This section demonstrates the performance of the proposed method on MSTAR database, a collection done using a 10-GHz spotlight SAR sensor with a one-foot resolution. For each target, images are captured at different depression angles over a full 0 to 359 deg range of aspect view. To ensure the accuracy and efficiency, a wide variety of experiments are performed, including configuration variations, pose and depression angle variations, outlier rejection, etc. In all the experiments, the center $80 \times 80 pixels$ patch is used as the input. The cropped images are first subsampled by a factor of $ρ$ , and the subsampled images are then mapped into the feature space. The subsampling factor is chosen from a given interval $ρ = {1 / 400, 1 / 256, 1 / 100, 1 / 64}$ , which corresponds to sizes $4 \times 4$ , $5 \times 5$ , $8 \times 8$ , and $10 \times 10 pixels$ . Gaussian RBF, $κ (x_{i}, x_{j}) = \exp (- γ {‖ x_{i} - x_{j} ‖}_{2}^{2})$ , is employed as the kernel function, and the width parameter, $γ$ , is assigned as 200, 50, 10, and 5 for the subsampled image of $4 \times 4$ , $5 \times 5$ , $8 \times 8$ , and $10 \times 10 pixels$ , respectively. The baseline methods include linear SR method¹² and kernel sparse techniques, i.e., Gao et al.’s method¹⁵ [Kernel sparse representation (KSR)], Yin et al.’s method¹⁶ [Kernel sparse representation projection, (KSRP)], and Zhang et al.’s method¹⁷ [Kernel sparse representation with dimension reduction (KSRDR)], linear support vector machine (SVM) and kernel SVM.

3.1.

Parameter Setting

In the proposed method, there is a free parameter to be set, the regularizer $λ$ . It is used to balance the fidelity and “sparsity.” First, it circumvents the difficulty when the kernel Gram matrix, $Φ$ , is not invertible, so the solution is more stable. Second, it introduces a particular “sparsity” to the representations, and the sparsity is much weaker than the $ℓ_{1}$ -norm minimization. To determine $λ$ , five targets, BMP2, BTR70, T72, T62, and BTR60, are employed for several groups of experiments. The number of aspect view images available for different targets is shown in Table 1, and the recognition rates with different parameters are drawn in Fig. 2.

Table 1

The number of aspect view images available for different targets in parameter setting, where the training samples are in bold.

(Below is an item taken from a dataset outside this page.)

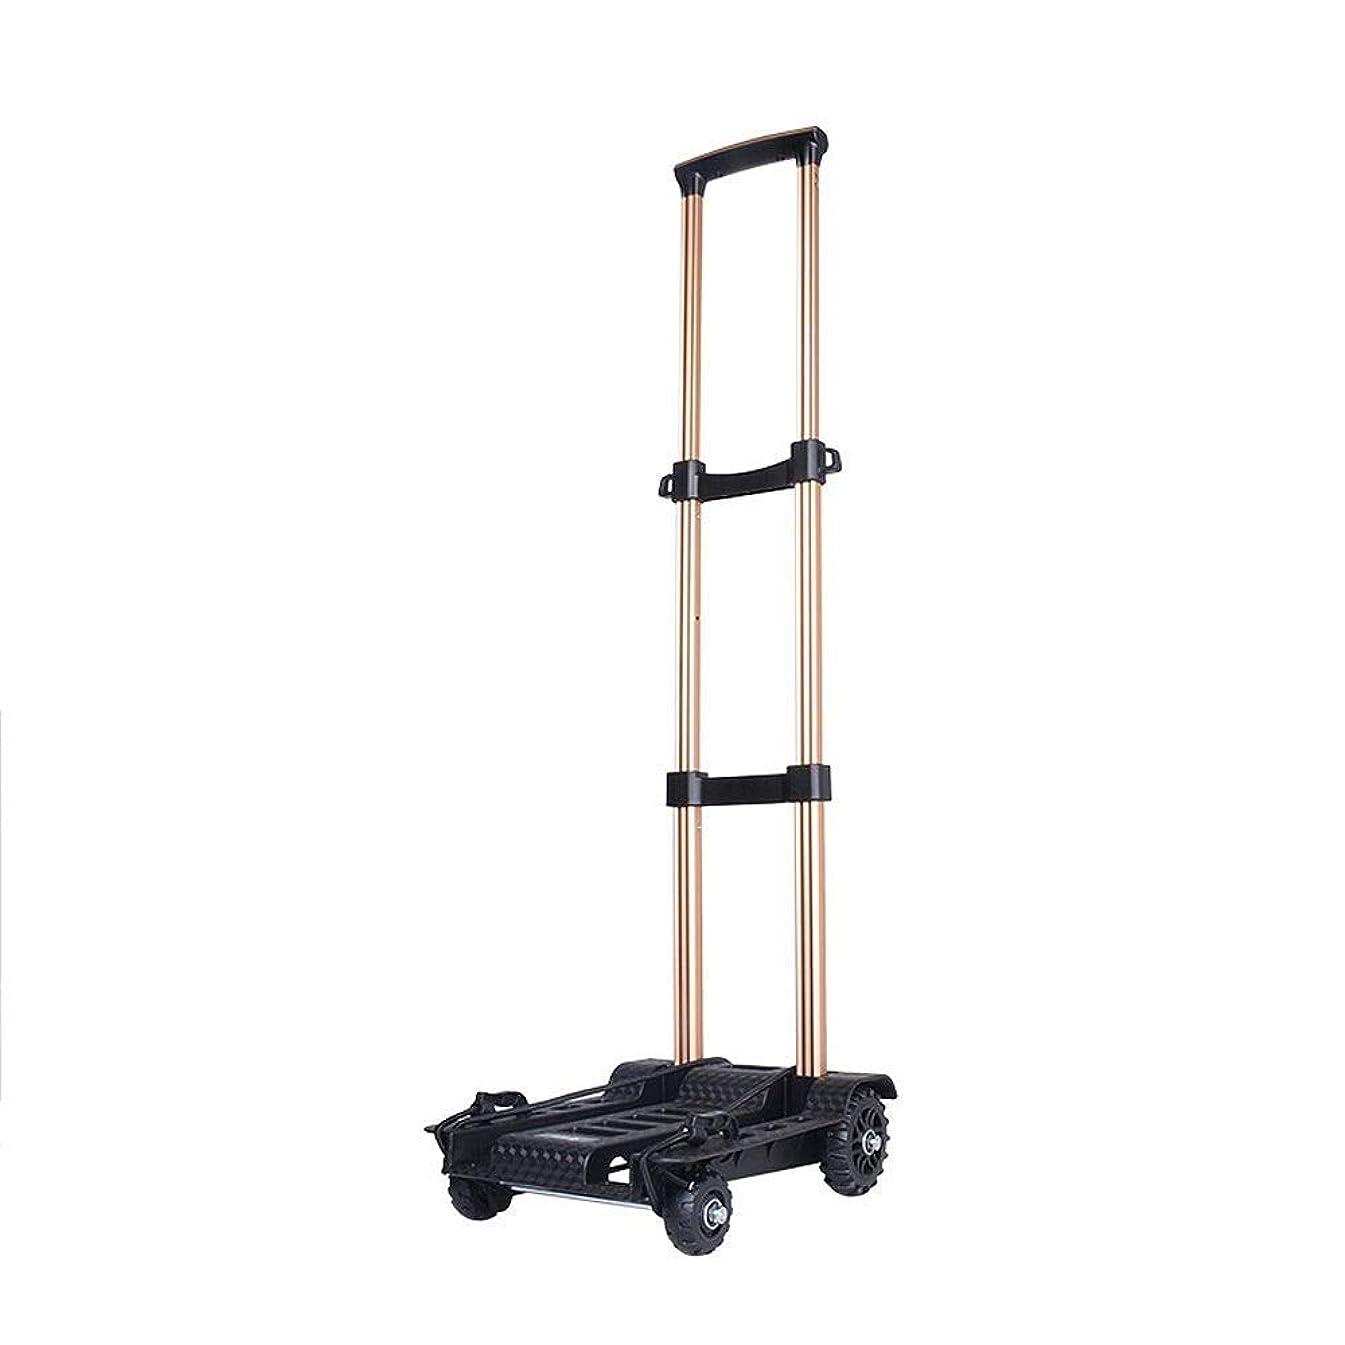 裁定ペパーミントまともなHEMFV 実用的なカート4輪折りたたみコンパクト軽量丈夫な荷物カート旅行トロリー静かなホイーリングスポーツ

Angle	BMP2	T72	BTR70	T62	BTR60	SUM
17°	233	232	233	299	256	1253
15°	587	582	196	273	195	1833

Fig. 2

The recognition rates of kernel linear representation with different parameters.

As can be seen from Fig. 2, when $λ$ decreased from 0.08 to 0.006, the accuracy first improves and the subsequently degrades. The peak value happens at $λ = 0.02$ or 0.03. Though different rates have been obtained, the accuracy varies very slightly. Thus, we can come to the conclusion that the proposed method is insensitive to the regularizer. It is, however, necessary for stable matrix inversion. Hereafter, the parameter will be fixed as $λ = 0.02$ .

3.2.

Configuration Invariance

This subsection examines the invariance of different algorithms under different configurations. Three basic targets, T72, BMP2, and BTR70, have been utilized. For T72 and BMP2, there are three variants with different serial numbers and small structural modifications, SN_132, SN_812, SN_s7, SN_9563, SN_9566, and SN_c21. Only the standard configurations, SN_132 (T72), SN_9563 (BMP2), and SN_c71 (BTR70), at a 17-deg depression angle are used for training, whereas all configurations at a 15-deg depression angle are used for testing, as detailed in Table 2. The performance obtained by different algorithms is listed in Table 3, where the former item gives the recognition rates, and the latter item shows the run-times in seconds.

Table 2

The number of aspect views available for targets in configuration invariance.

Angle	BMP2			T72			BTR70	SUM
Angle	[SN_9563]	SN_9566	SN_c21	[SN_132]	SN_812	SN_s7	[SN_c71]	SUM
17°	233	–	–	232	–	–	233	698
15°	195	196	196	196	195	191	196	1365

Table 3

Performance of various methods in configuration invariance.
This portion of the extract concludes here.